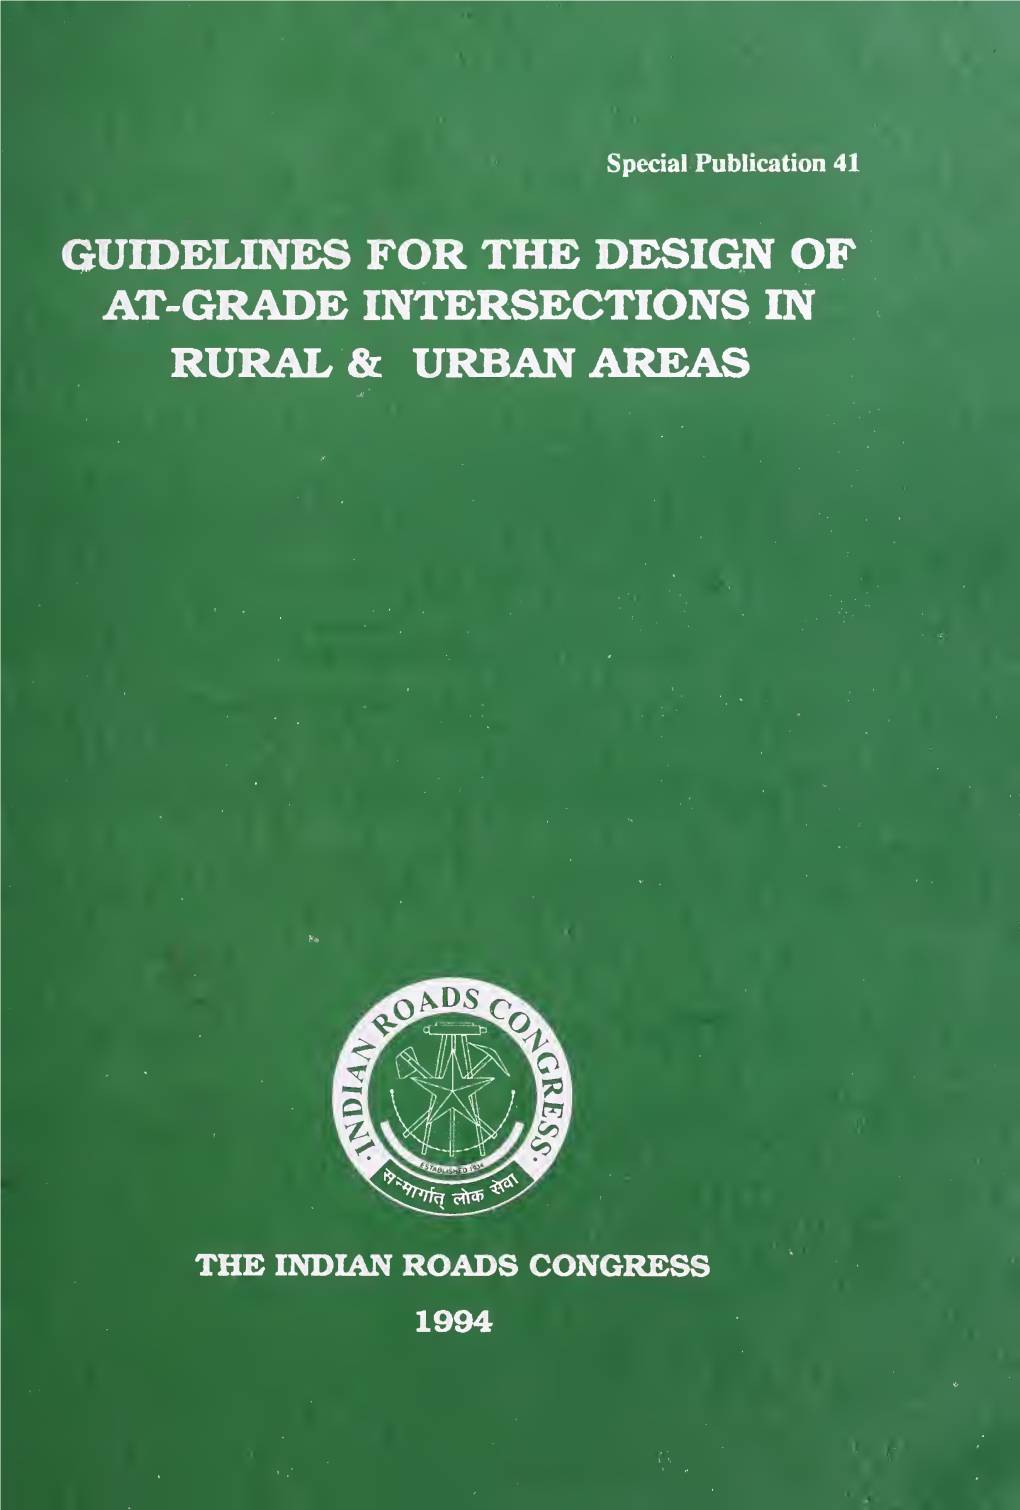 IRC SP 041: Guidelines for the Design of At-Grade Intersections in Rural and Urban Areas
# # # # #
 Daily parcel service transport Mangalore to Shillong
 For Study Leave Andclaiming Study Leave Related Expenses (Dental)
# # # # #
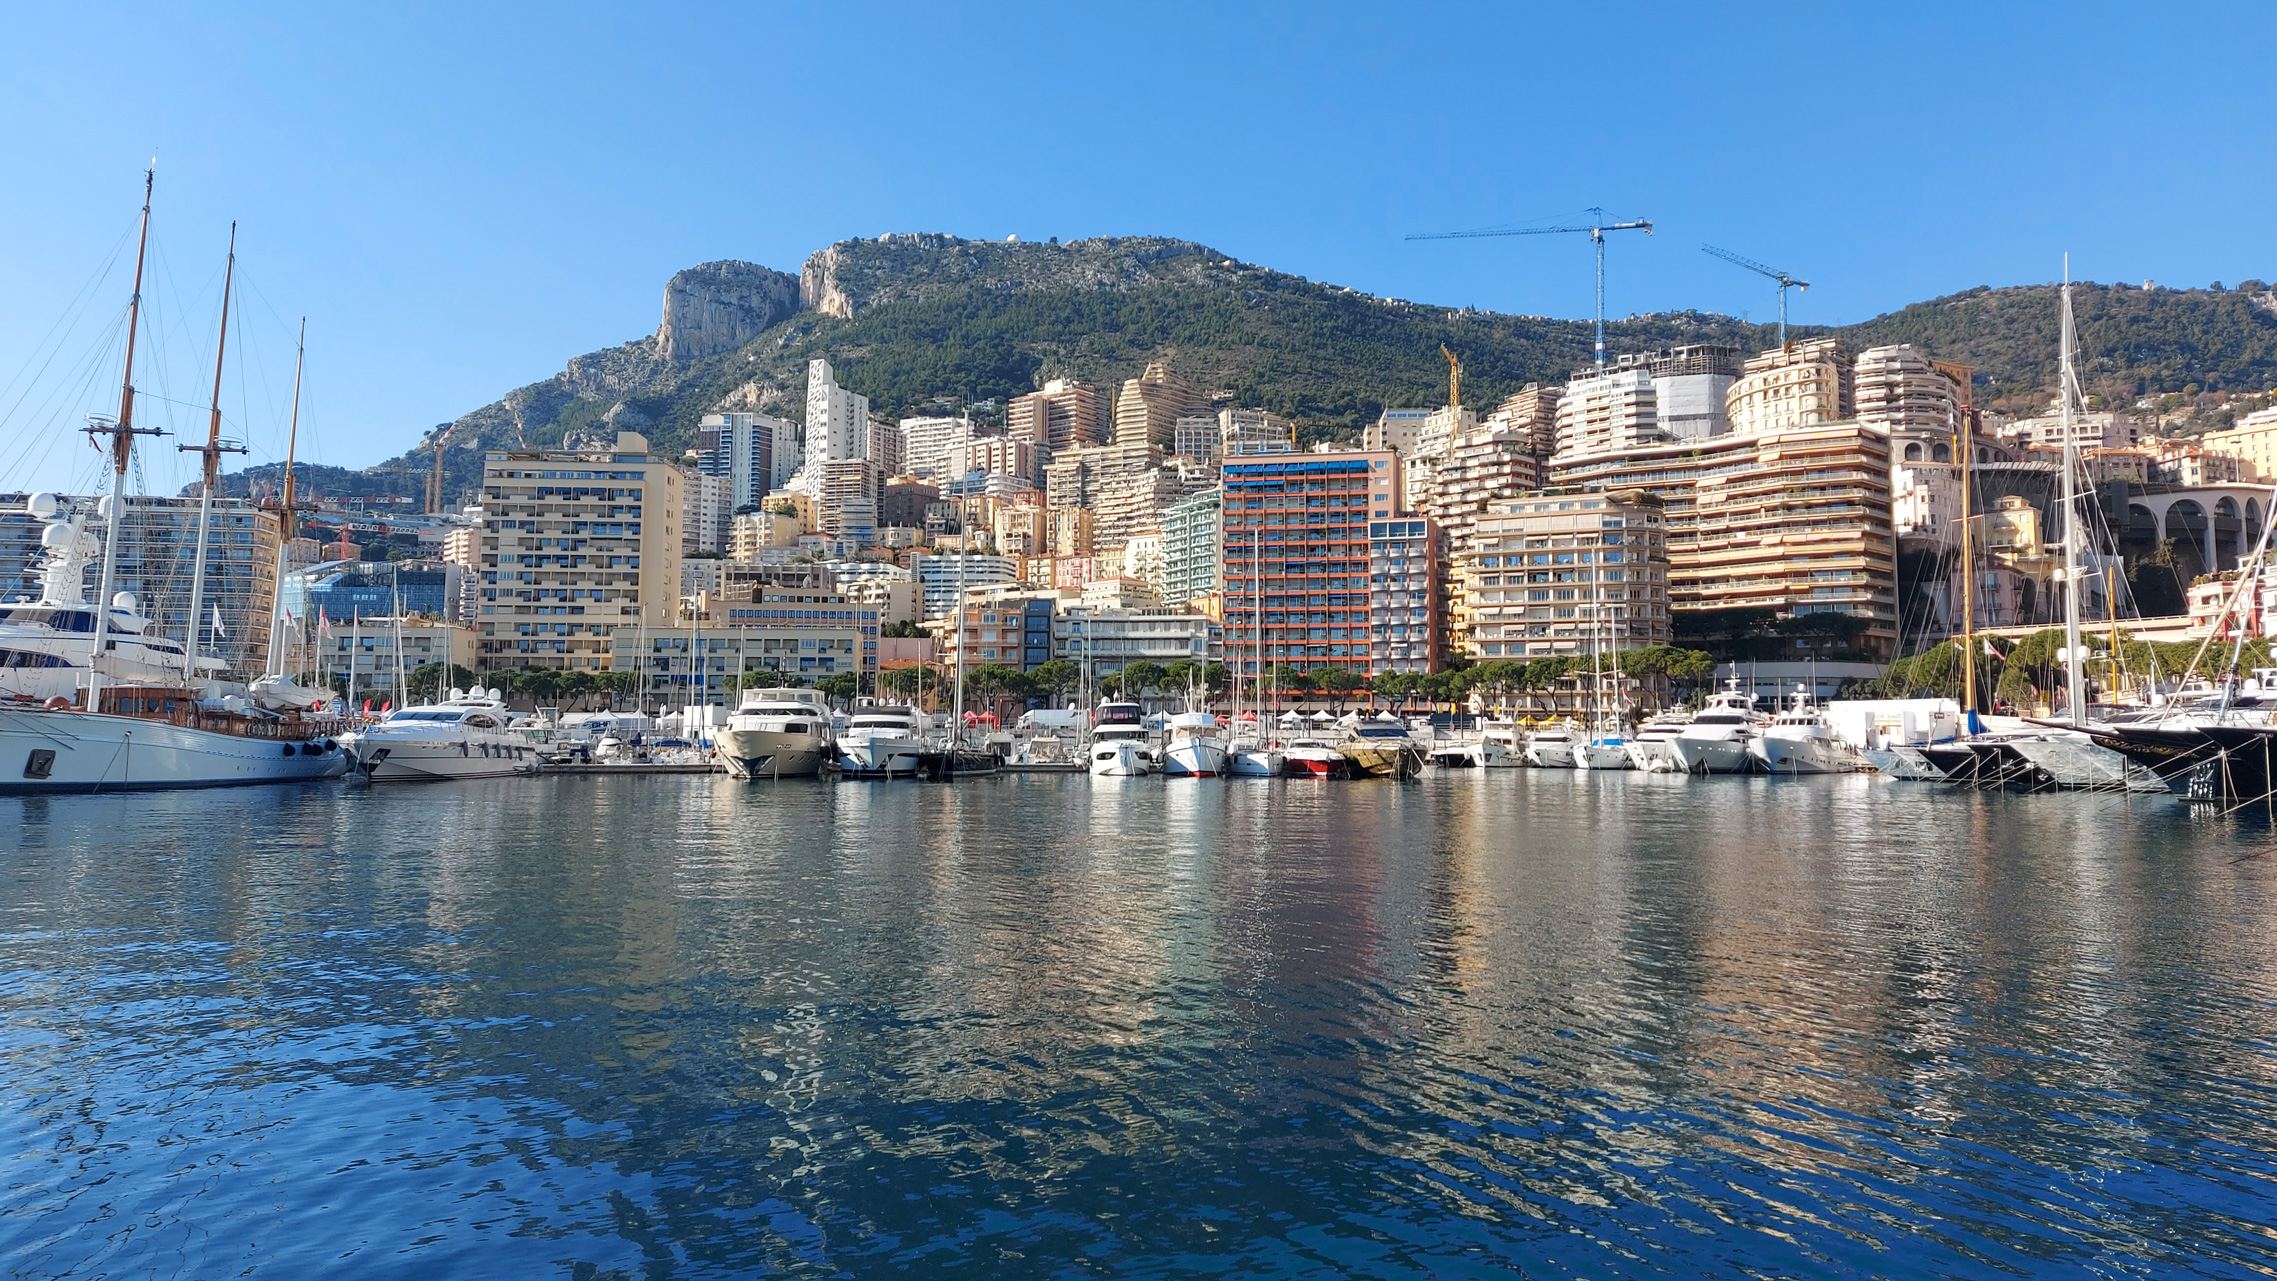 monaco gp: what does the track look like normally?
# # # # #
## Work instruction
Search the listing above for the lines with "Daily parcel service" and "For Study Leave", then output those lines and all lines between them exactly.

## Problem solution
 Daily parcel service transport Mangalore to Shillong
 For Study Leave Andclaiming Study Leave Related Expenses (Dental)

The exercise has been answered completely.